Born Precious
This spring I wrote a letter of compassion to myself every Friday, on a normal day. Somehow today wasn’t. I don’t know what happened, but I tanked. I was down. Not finding a way to climb out. The Friday before I had written, in the rawness of grief, a letter of gratitude. Even grieving can bring gratitude.
But today I busy filming a writing lesson for the Young Authors Faire while mom went with babysitter to the doctor. Then, I can’t remember what I did, because there simply was no point. I felt particularly stuck with Mom and her mode of communications got on my nerves. I just felt too low to do anything. That’s why there was no letter to myself. No compassion.
In the late afternoon, I texted a friend, “I miss you.” I felt pathetic writing that. I wrote more about not finding the center, feeling lonely even though I live with mom, about putting myself on a diet, about missing work, even. [I’m retired] My friend wrote back, as if she knew the really hard part.

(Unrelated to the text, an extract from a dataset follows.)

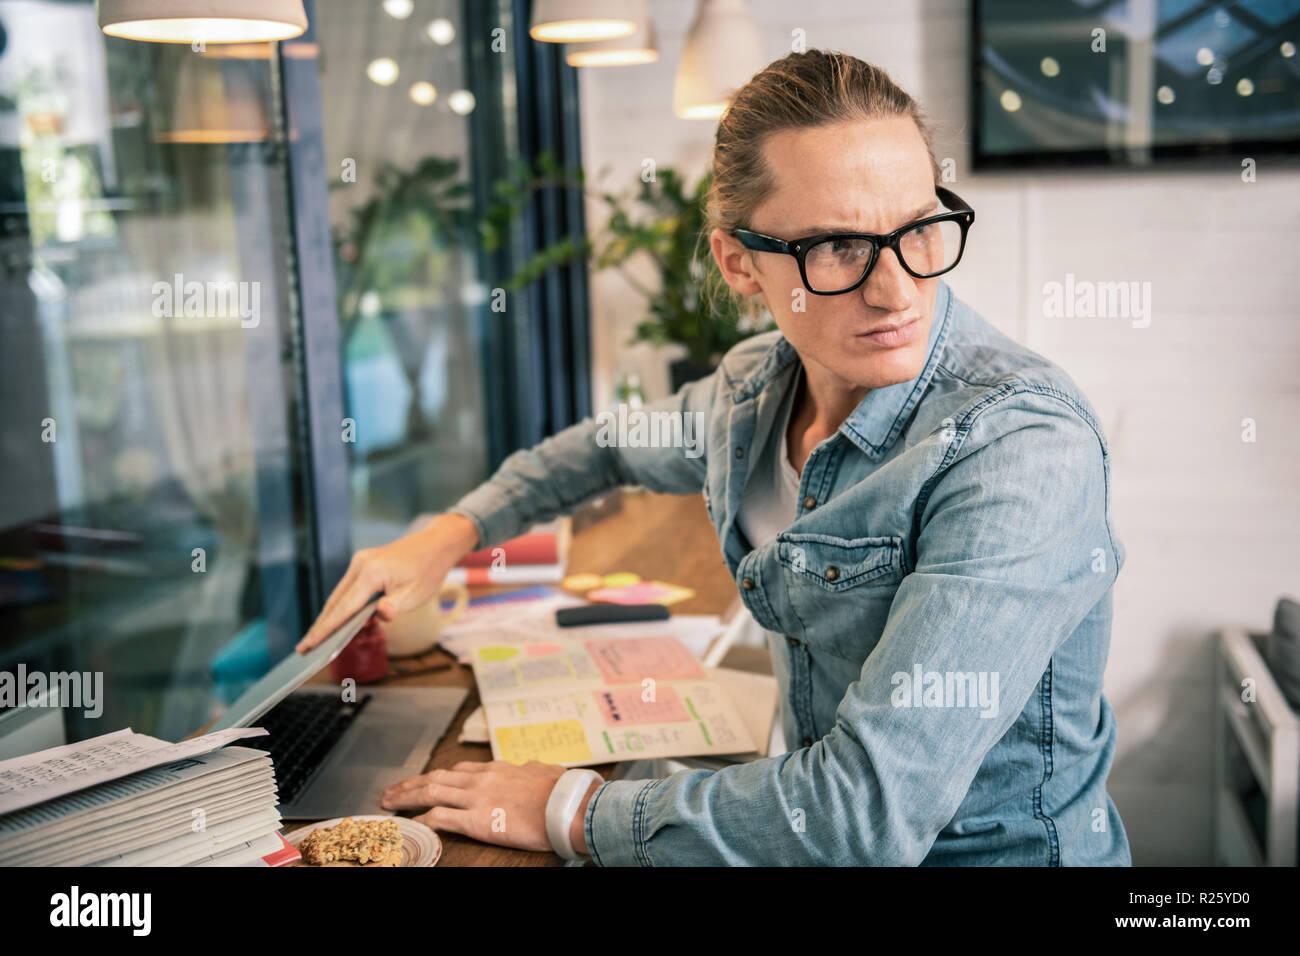 Unhappy cheerless young man closing his laptop - Stock Image

You are the first and only person I know who invited a parent to live in forever. That’s huge. And it changed something important in me.
I love you dear one.
I responded, “Well, this little café’ talk let me flop on my down quilt and cry a little. Sniff! Healthy tears. Grateful you see me, in the best light.
While you are in flopped mode you can look at yourself from the outside ad really see the lovely gentle, artistic hear who gives and gives…and gives, sometimes giving to hearts not able to return love in the same way. It’s very obvious to those of us around you…
I sent one emoji tear with a purple heart.
Yes, that’s it, Katy, continued, You are in it. Let it pass through you cleansing and making room to refresh you, knowing how much you are treasured. You know these are not just words.
You were not born anything but precious.
It’s hard for us to believe that. Karmic the way the text broke even trying to put the words down.
I wrote, “Born precious. Wow. I’m so into the refreshment from your love and wisdom, I’m going to hop in the shower. Thank you, Katy o’my heart.
PS: Did you know that the term “May Day comes from French for m’aidez, for help me. Thank you for your kind, generous rescue.